Qasti Green is at €€ pricing on a quiet office-worker street in the 2nd arrondissement, which suggests a mid-sized room rather than a large event space. Lebanese mezze format is naturally group-friendly — sharing plates means fewer ordering headaches. For large parties of 6+, call ahead; no booking infrastructure is listed publicly for this venue.
No tasting menu format is confirmed in the available data for Qasti Green. At €€ pricing, this is a casual Lebanese spot, not an omakase-style experience. Order mezze-style across the menu rather than waiting for a set format — that's how Lebanese food works at this price point.
Yes. The €€ price range and casual format on Rue des Jeuneurs make this a low-pressure solo lunch option. Lebanese mezze can be ordered in single portions without the awkwardness of a tasting-menu-for-one situation. The neighbourhood draws office workers rather than tourists, so solo diners fit the room naturally.
No bar seating is confirmed in the available data. Qasti Green holds a Michelin Plate for 2024 and 2025 — that recognition is typically associated with sit-down dining rooms rather than bar-counter formats.

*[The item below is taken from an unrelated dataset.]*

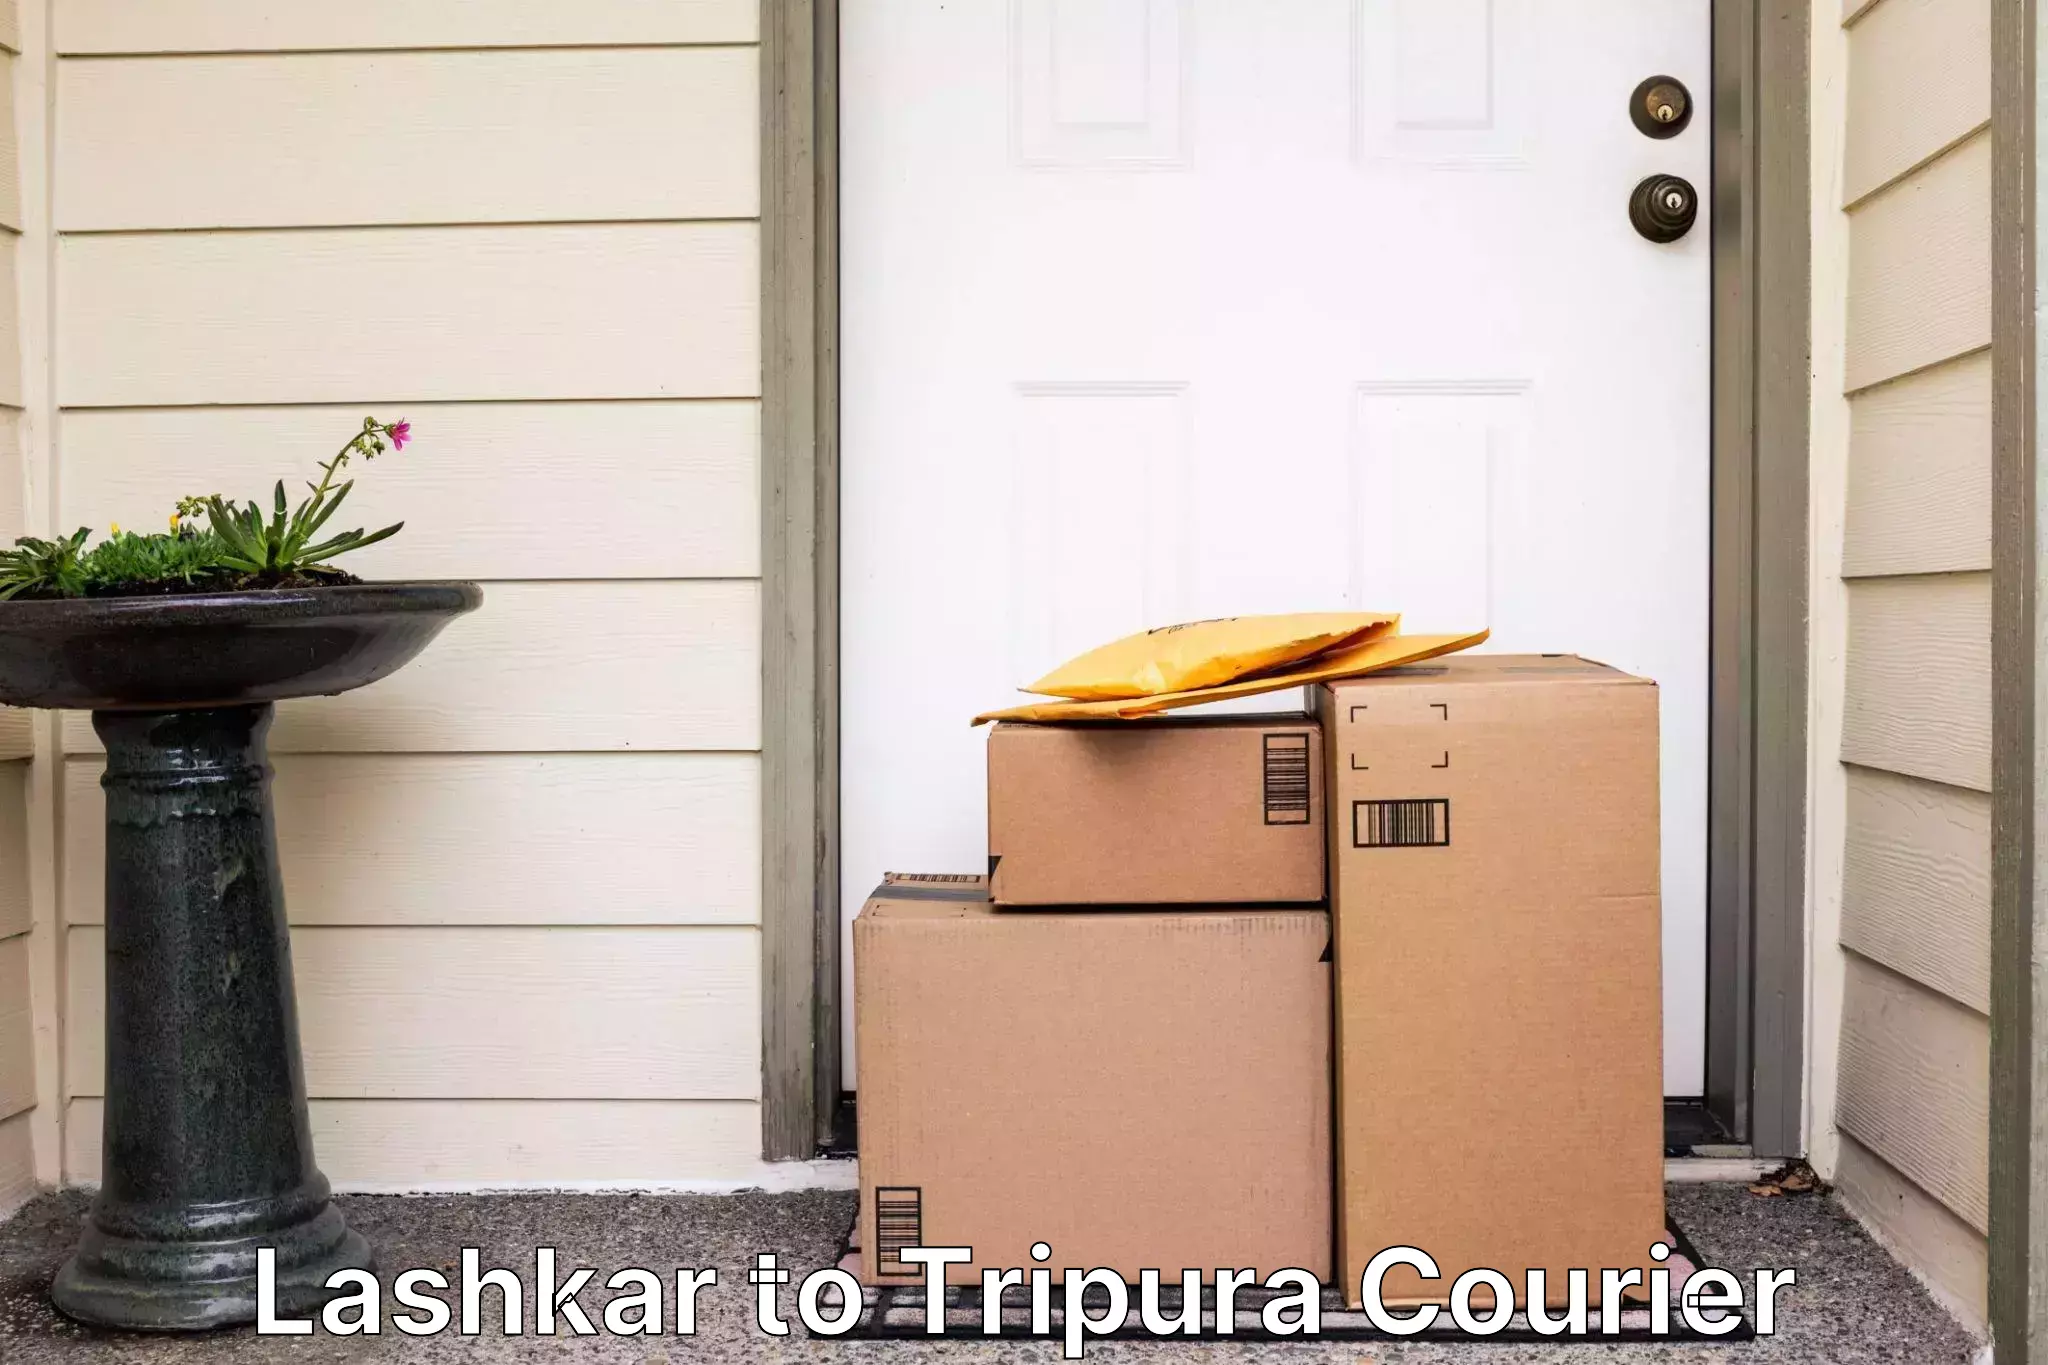 Fast delivery service Lashkar to Tripura

Treat it as a table-service restaurant until confirmed otherwise.
Only if your occasion suits a casual, €€ setting. Qasti Green has back-to-back Michelin Plate recognition in 2024 and 2025, which confirms food quality, but the format and price point put it in everyday-dining territory rather than anniversary-dinner territory. For a celebratory Lebanese meal with more formality, Liza Paris is the closer comparison.
Liza Paris is the primary comparison: more polished, higher price point, better suited to occasion dining. For casual Lebanese at similar €€ pricing, Miznon in the Marais offers a different format (street-food-adjacent) but comparable accessibility. Qasti Green's Michelin Plate two years running gives it a credibility edge over unnamed neighbourhood spots.

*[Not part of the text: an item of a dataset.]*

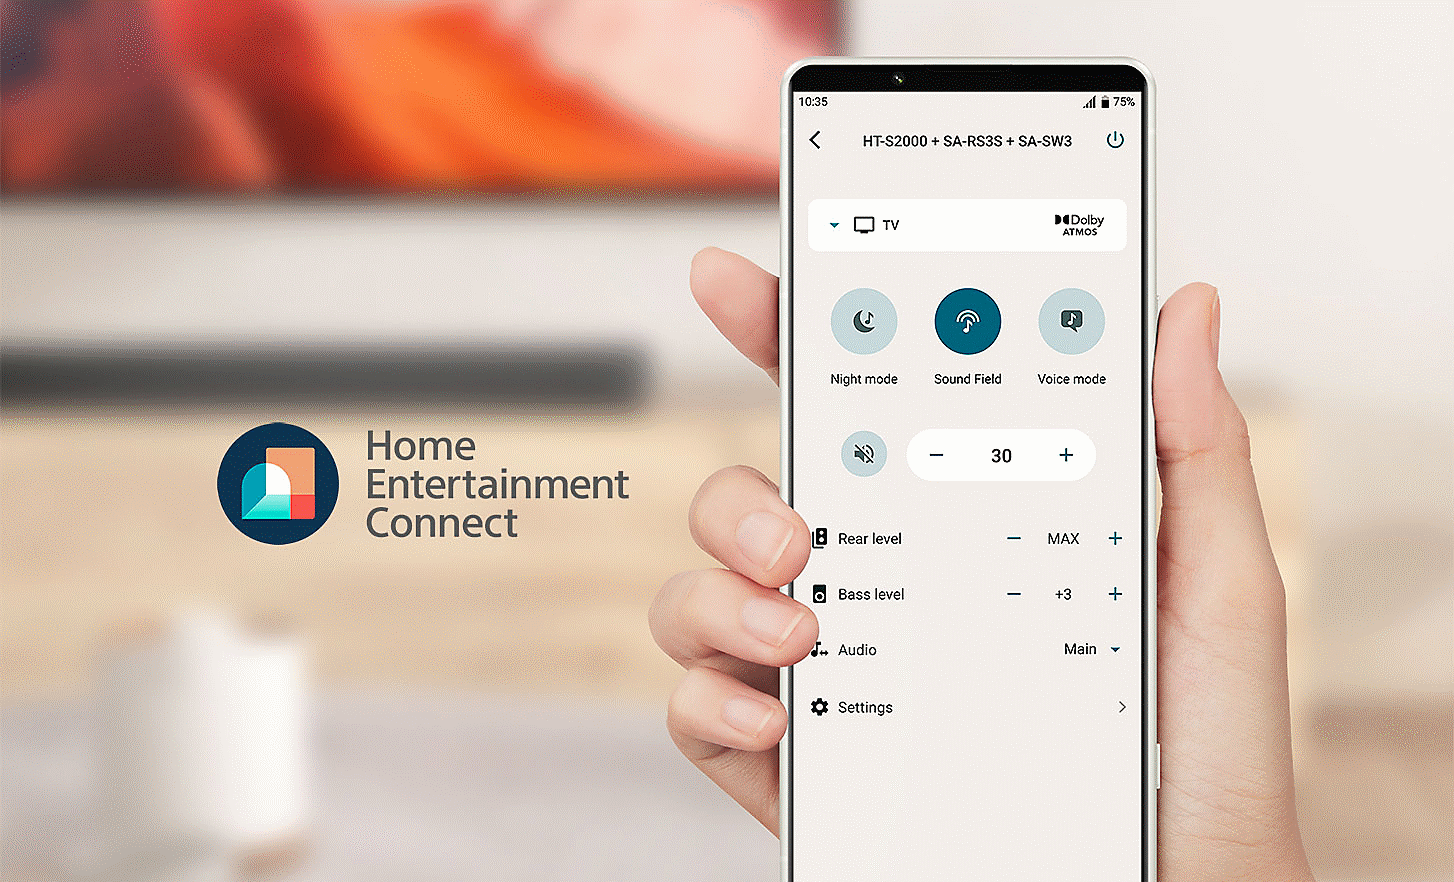 Snímek ruky držící mobilní telefon, na kterém je zobrazena nabídka nastavení s logem aplikace Home Entertainment Connect nalevo

At €€, yes. Two consecutive Michelin Plates (2024 and 2025) at a casual price point in the 2nd arrondissement is a solid value proposition. You're not paying for a room in a grand hotel or a celebrity chef's name — you're paying for food that cleared a Michelin quality bar without the fine-dining surcharge.
Keep this venue in your Pearl passport, rate it after you visit, and track it alongside every other place you collect.